Transcribe the data exactly. Pictures stay out.

__GIVEN DATA__.

-.-.-

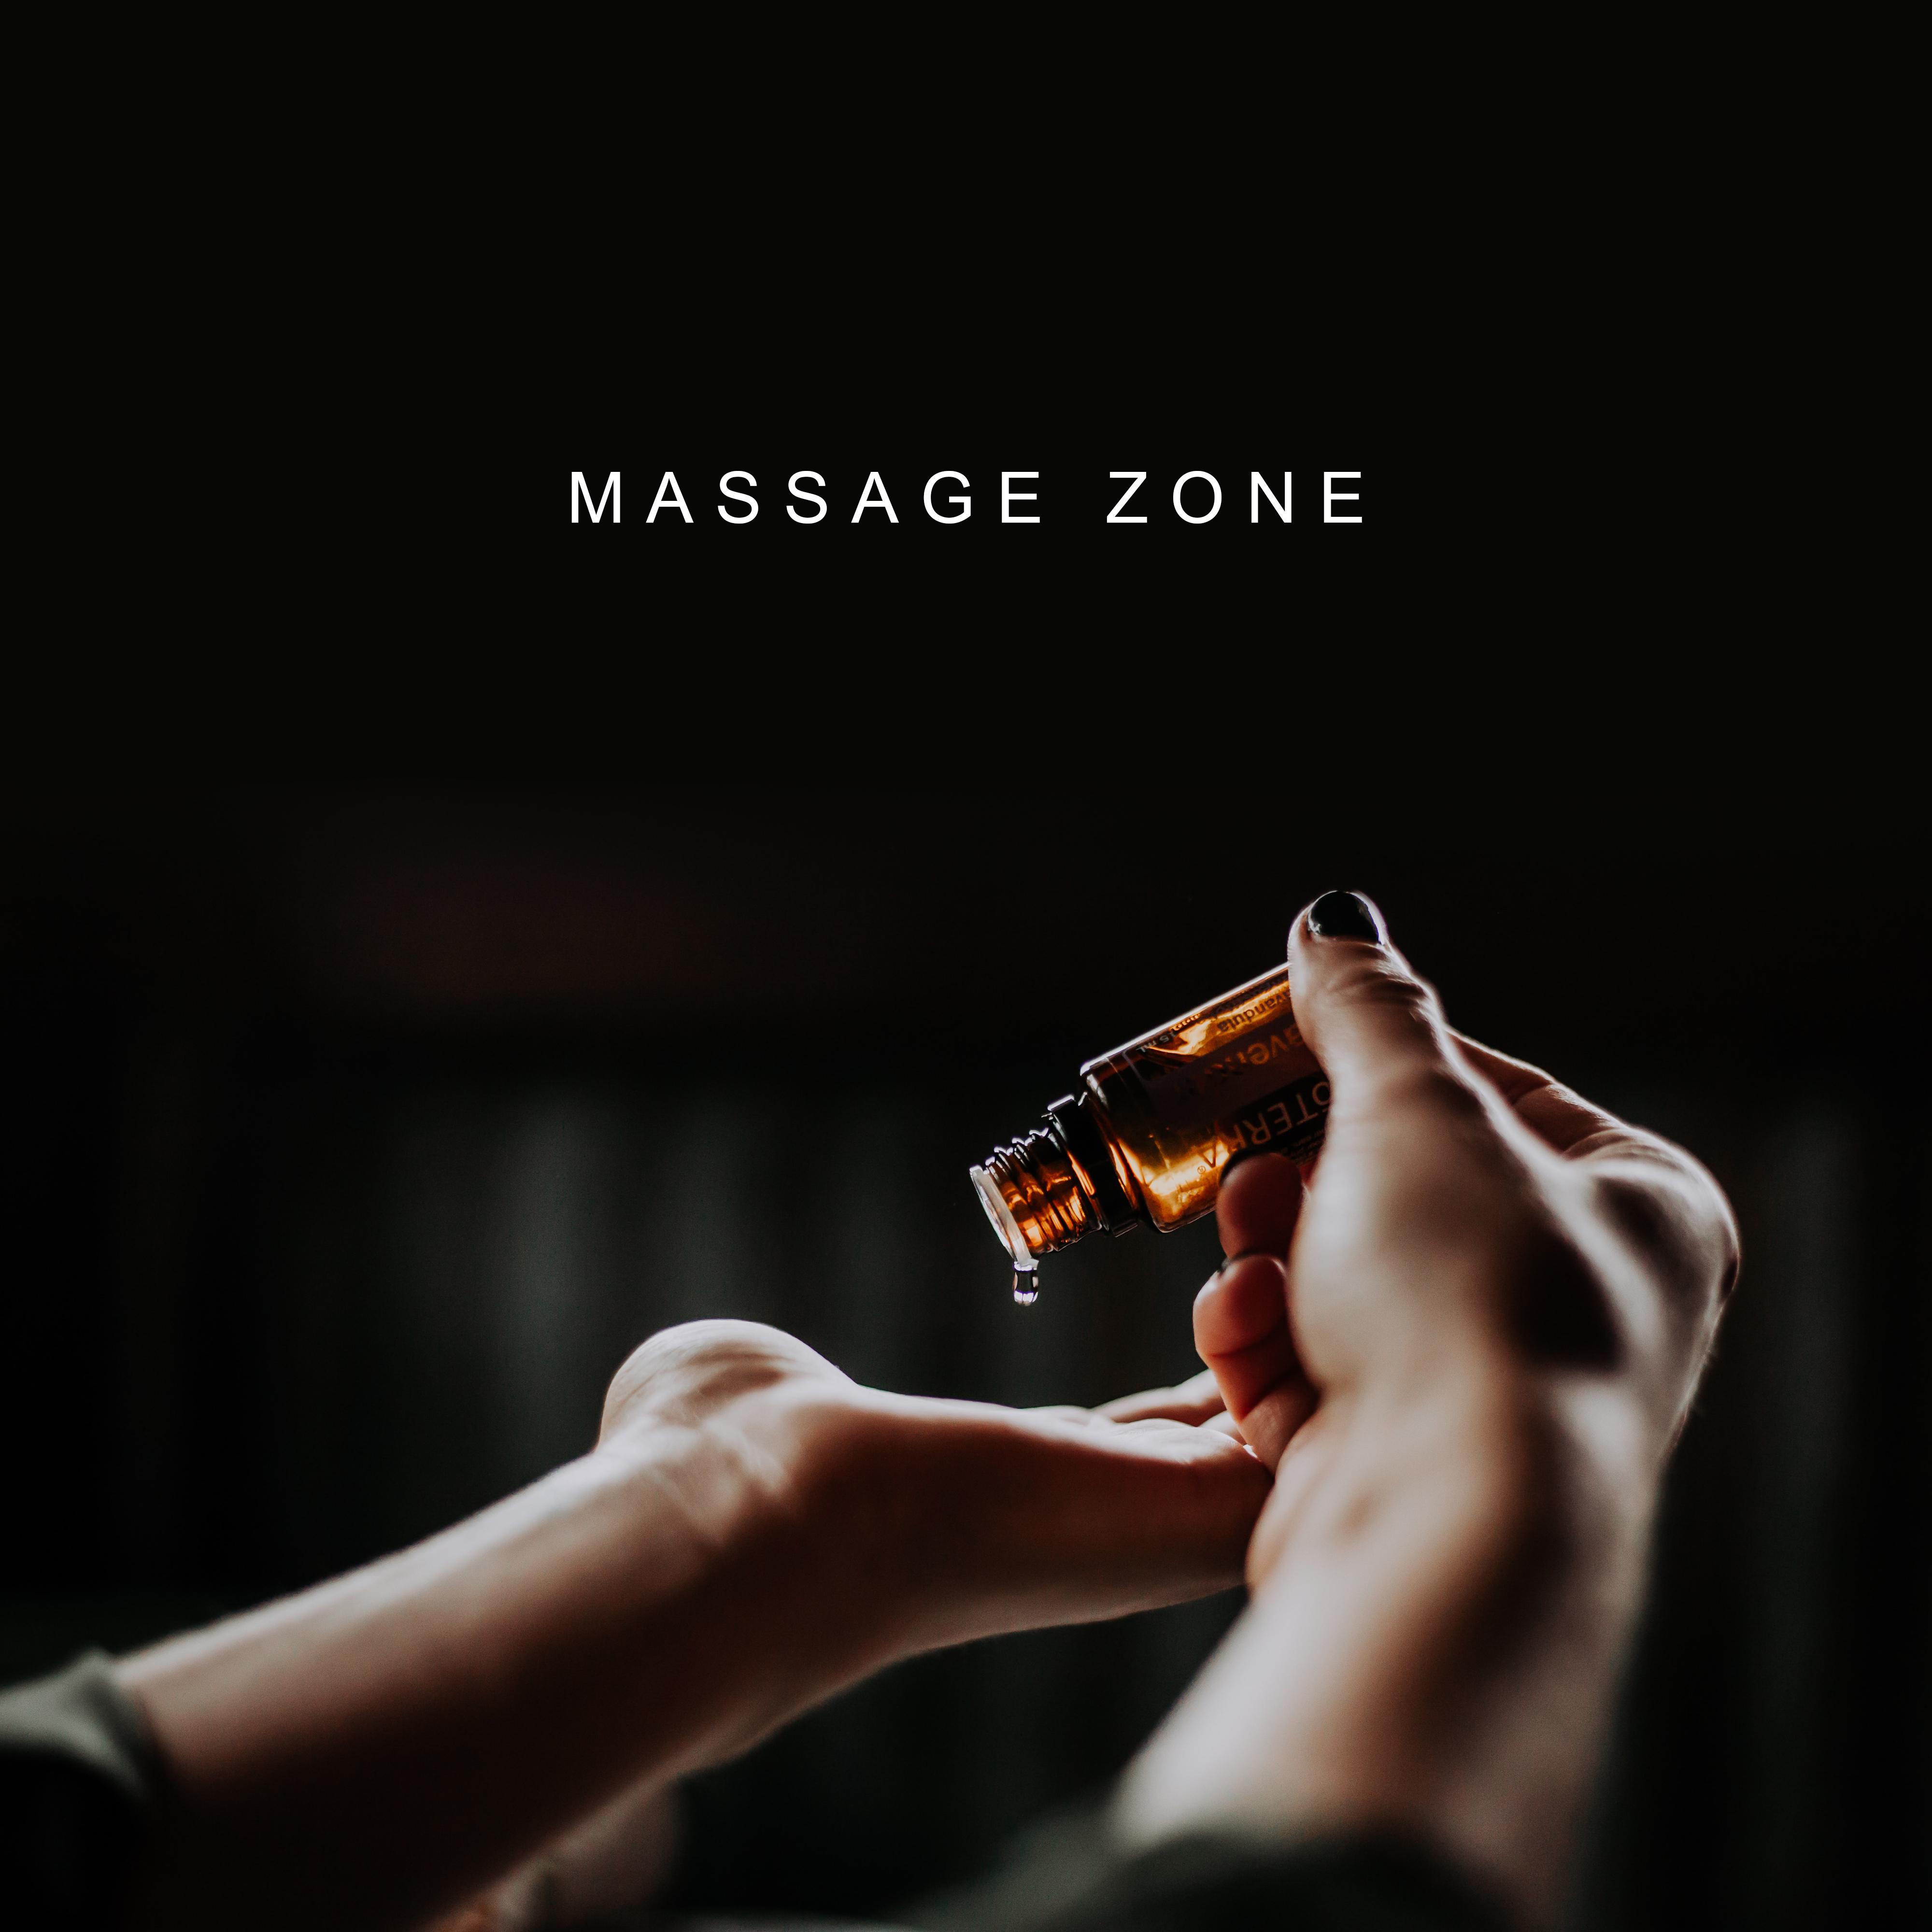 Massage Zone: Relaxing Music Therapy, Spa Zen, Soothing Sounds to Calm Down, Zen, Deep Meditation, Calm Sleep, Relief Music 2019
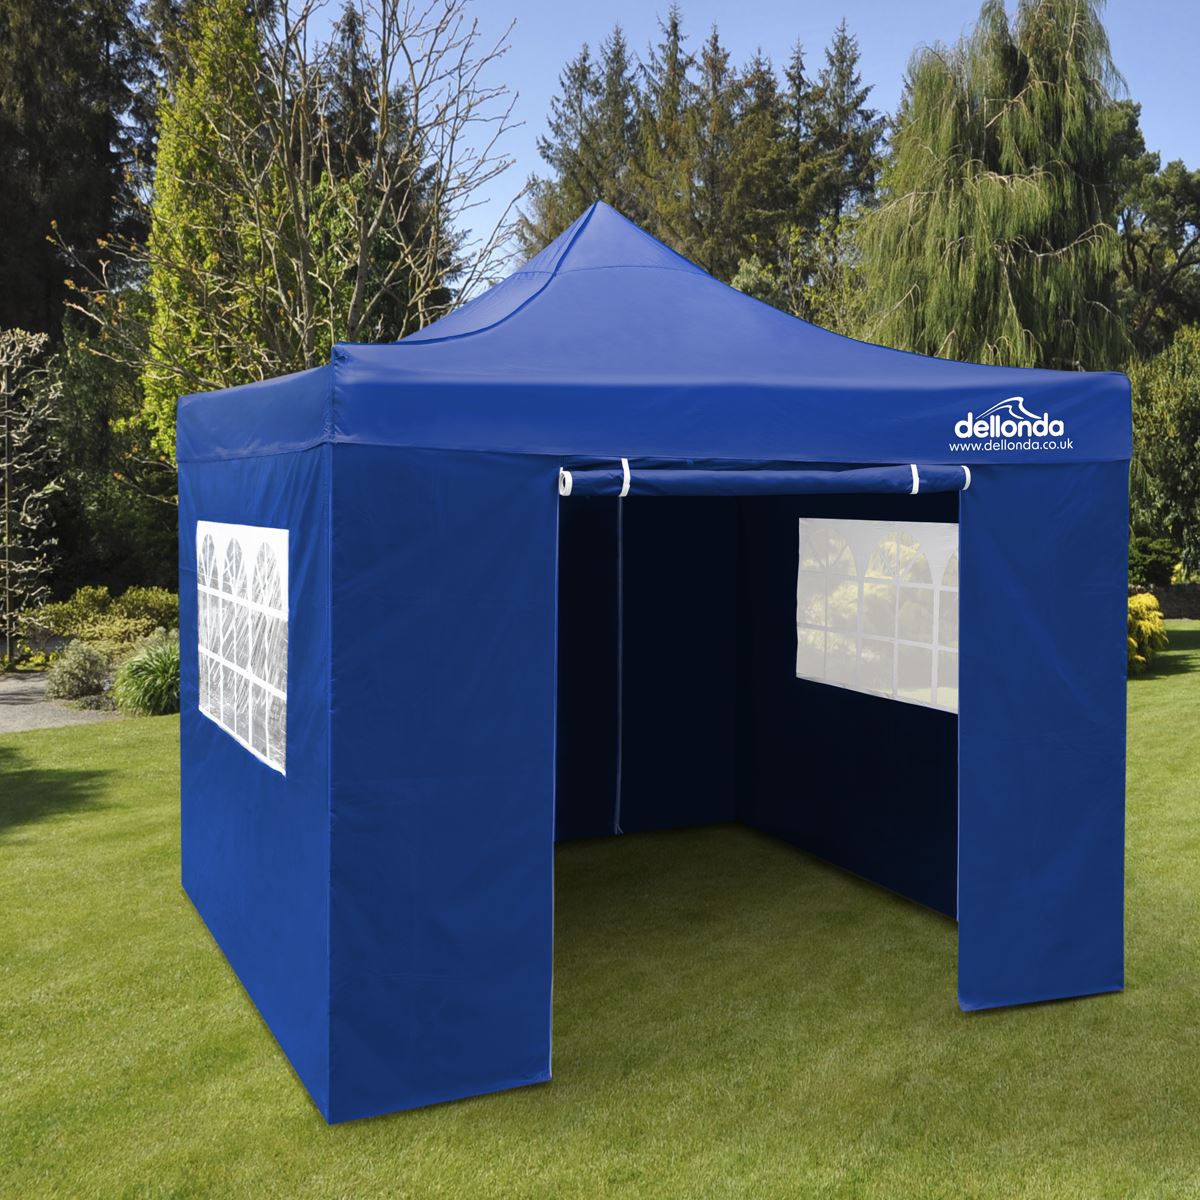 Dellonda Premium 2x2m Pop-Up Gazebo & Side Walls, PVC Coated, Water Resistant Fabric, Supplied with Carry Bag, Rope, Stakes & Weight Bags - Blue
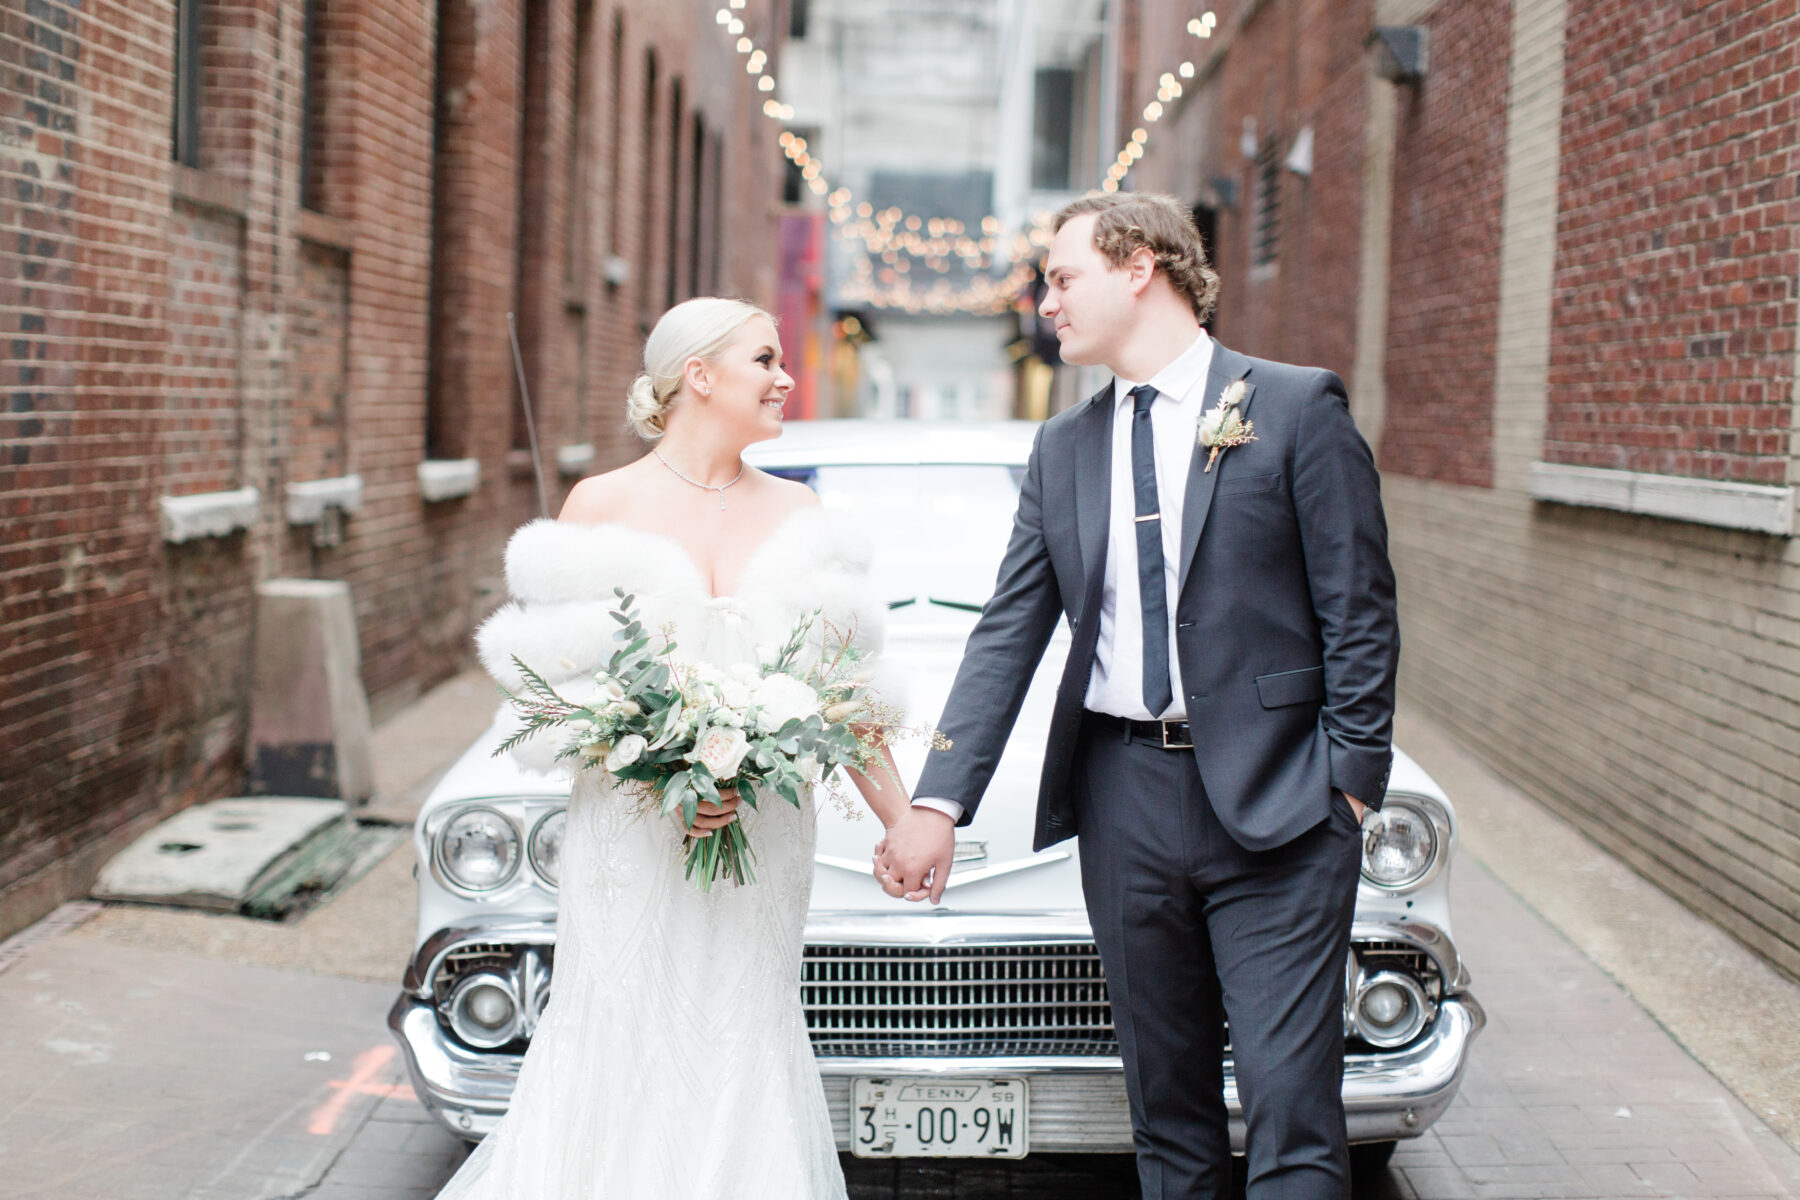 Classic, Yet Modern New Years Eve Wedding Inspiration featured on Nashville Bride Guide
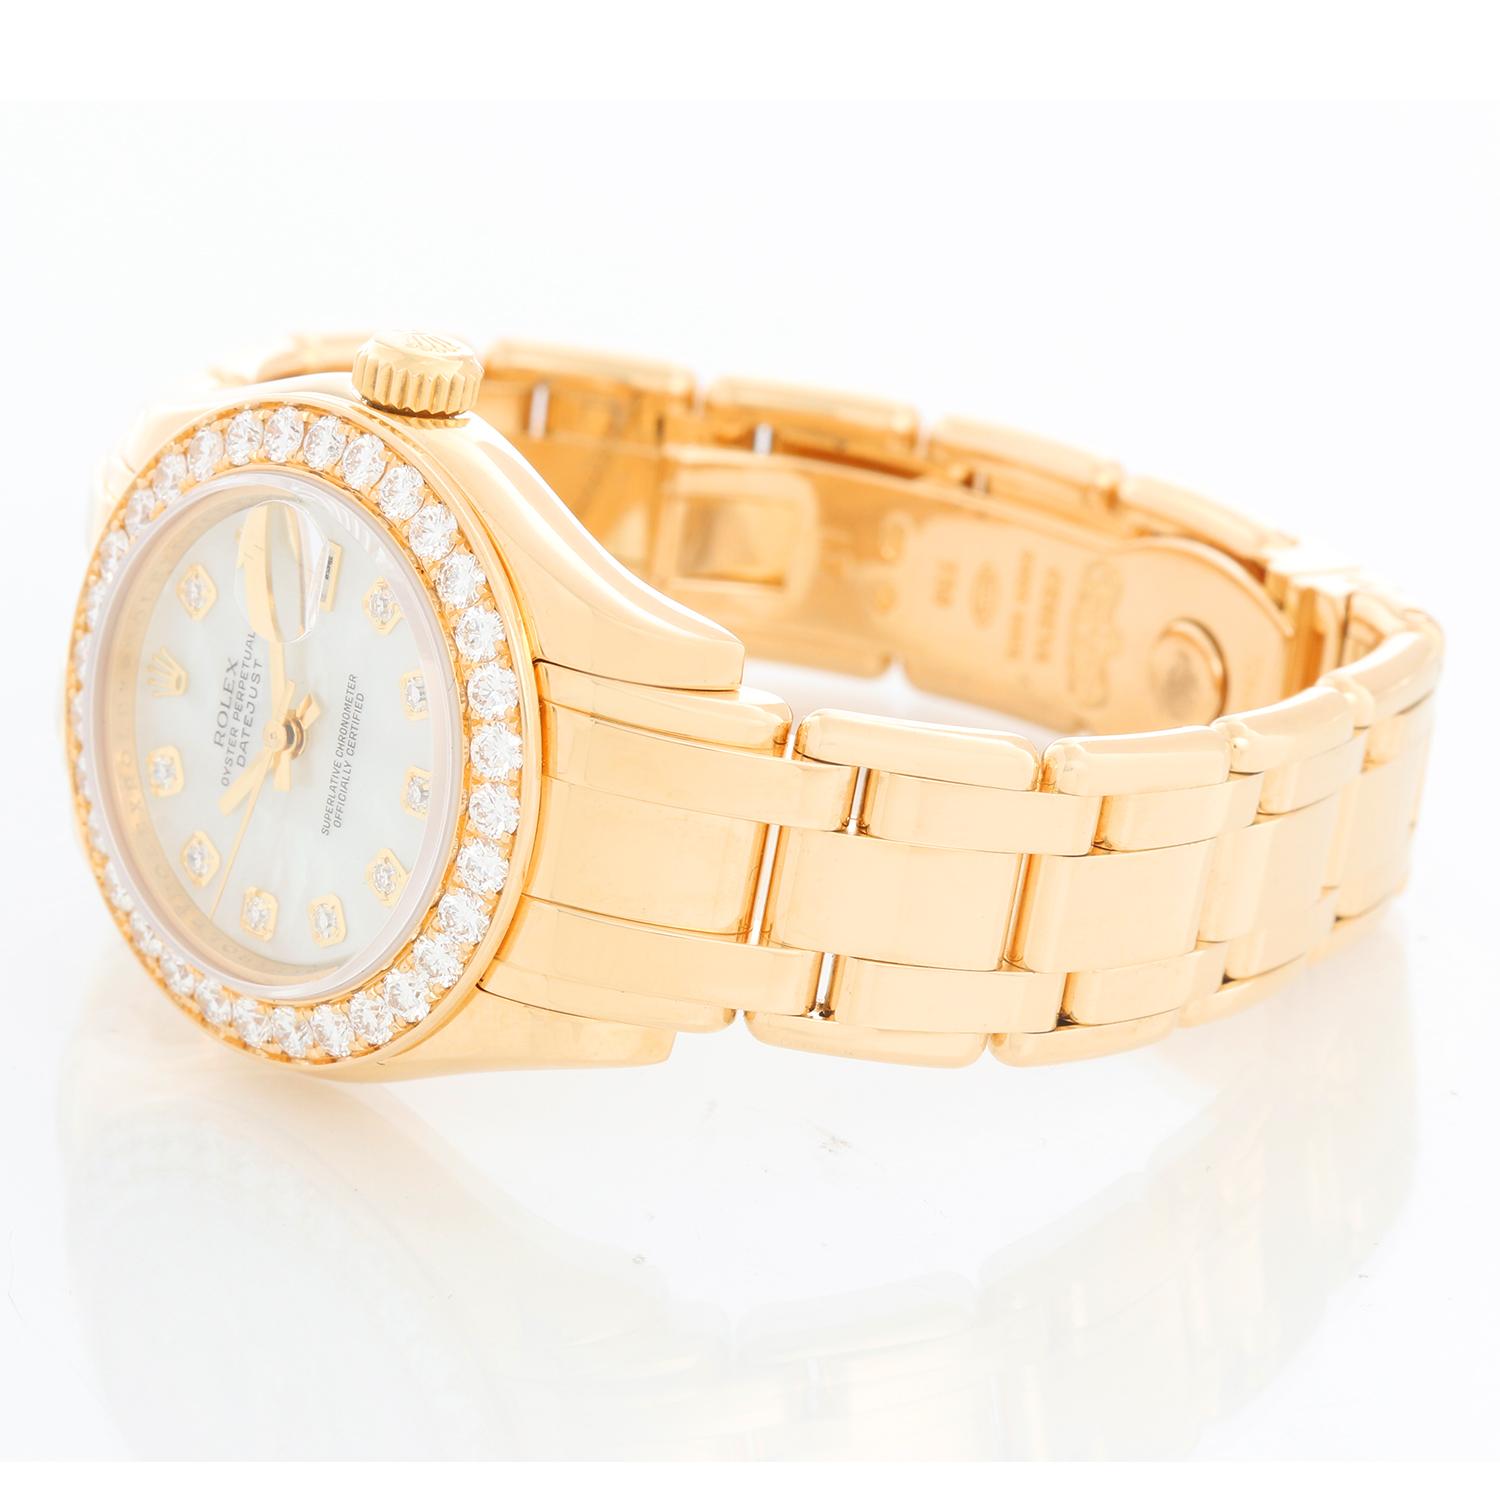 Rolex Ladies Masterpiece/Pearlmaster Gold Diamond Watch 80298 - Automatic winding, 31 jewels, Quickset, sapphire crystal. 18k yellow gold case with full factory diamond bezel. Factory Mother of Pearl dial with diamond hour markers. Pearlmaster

-.-.-

__EXERCISE ANSWER__.
 Massage Zone: Relaxing Music Therapy, Spa Zen, Soothing Sounds to Calm Down, Zen, Deep Meditation, Calm Sleep, Relief Music 2019
 Dellonda Premium 2x2m Pop-Up Gazebo & Side Walls, PVC Coated, Water Resistant Fabric, Supplied with Carry Bag, Rope, Stakes & Weight Bags - Blue
 Classic, Yet Modern New Years Eve Wedding Inspiration featured on Nashville Bride Guide
 Rolex Ladies Masterpiece/Pearlmaster Gold Diamond Watch 80298 - Automatic winding, 31 jewels, Quickset, sapphire crystal. 18k yellow gold case with full factory diamond bezel. Factory Mother of Pearl dial with diamond hour markers. Pearlmaster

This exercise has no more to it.